I talked to Krista Bergmann, one of the project managers, who described Lloyd as “very flamboyant, and he loved bright clothes and high heels.”
“That’s why we decided to create a fun, glitzy event to honour him,” she said.
“He was known as a kick-ass musical director in this country,” added Kathryn Shaw, the artistic director for Studio 58. “He brought out the best in the students, and we feel his loss profoundly.”
Despite the rain, everyone was in high spirits. After a heartwarming performance of “Springtime Happening” by Studio 58 students, a handful of toddlers donning Easter bunny ears kicked off the Walk-a-Thon. Everyone else followed suit in their funky costumes and shoes through the route that started at the front entrance of the school, wound its way inside the school and came back out again.

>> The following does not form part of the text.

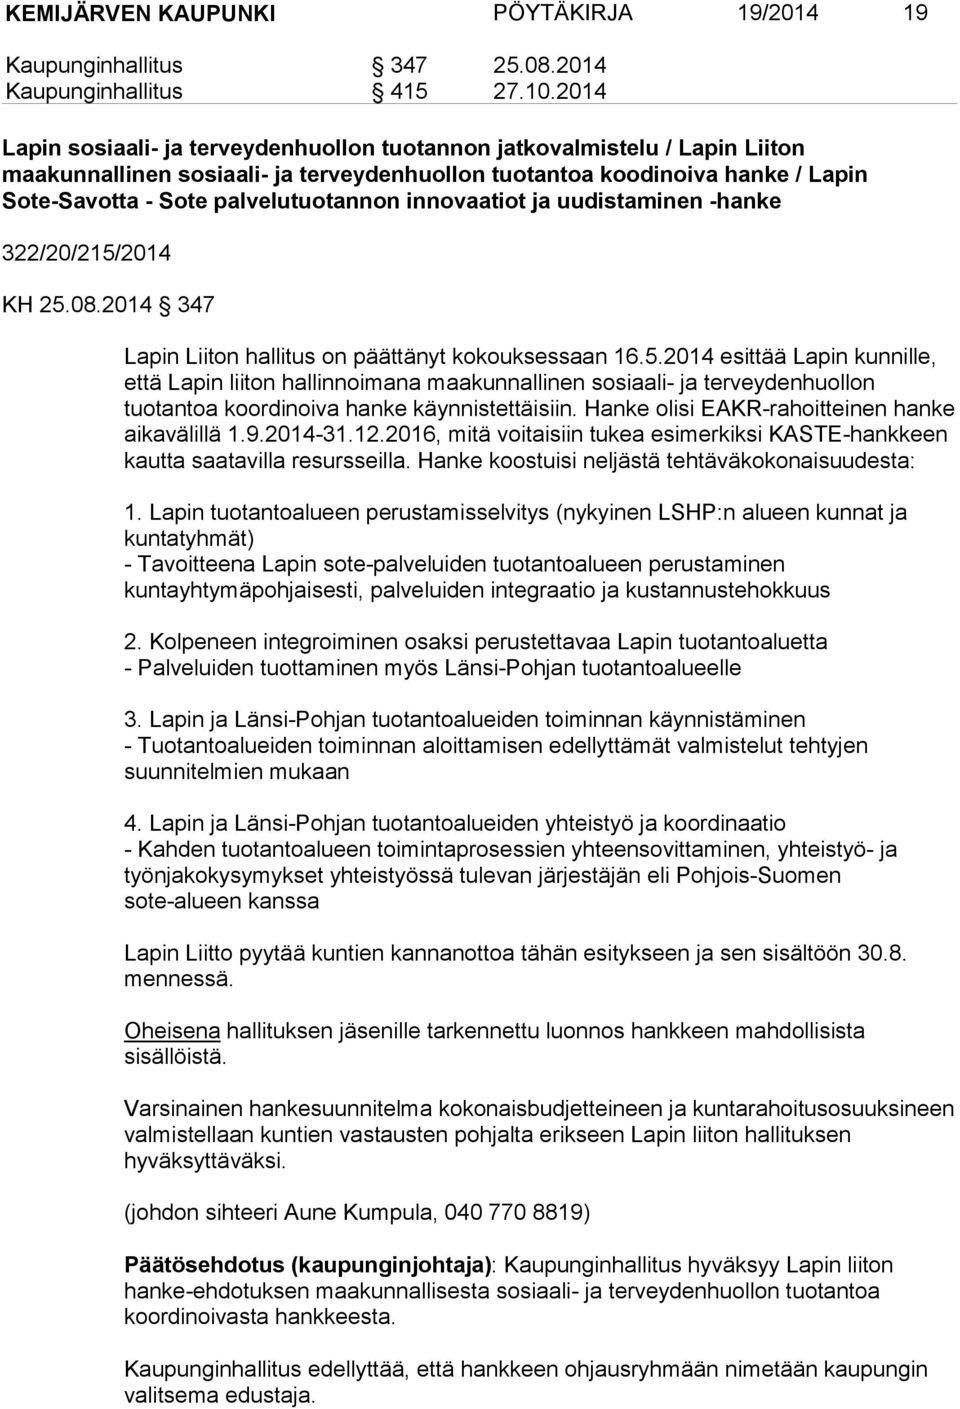 innovaatiot ja uudistaminen -hanke 322/20/215/2014 KH 25.08.2014 347 Lapin Liiton hallitus on päättänyt kokouksessaan 16.5.2014 esittää Lapin kunnille, että Lapin liiton hallinnoimana maakunnallinen sosiaali- ja terveydenhuollon tuotantoa koordinoiva hanke käynnistettäisiin.

Nearly 100 walkers strutted down the red carpet, doing cartwheels, flexing their biceps and striking model poses—anything to impress a panel of three judges. The judges determined winners for categories such as craziest heel, craziest costume, most creative shoe and highest energy.
Erin Lapointe, who had a giant afro and wore a sparkly gold top, hoop earrings, large sunglasses, and five-inch platform heels (think Beyonce), believed she was definitely a “shoe-in” for craziest heel.
“They’re pretty painful,” she admitted after her fourth lap. “But the blisters and sore feet are worth it."
Erin did end up winning the prize for craziest heel, but not without first competing in a walk-off against another saucy contender in front of the judges.
Even after the event was over, the atmosphere was still pumped with energy as people danced to music mixed by a DJ. Standing there, eating complimentary chocolate cake, I was pretty amazed. Krista and ten other students had started planning this event in February. In merely two months, they had a glitzy, fun fundraiser going and even managed to invited people such as Kim Cathers from Project Run Way Canada to participate in the judging.
Although it started out as a final term project, the student organizers and the school’s administration want to bring it to the next level and make it an annual event so that they could keep fundraising for the school's bursury and scholarship campaign. After what I witnessed today, I'm pretty sure they can do it.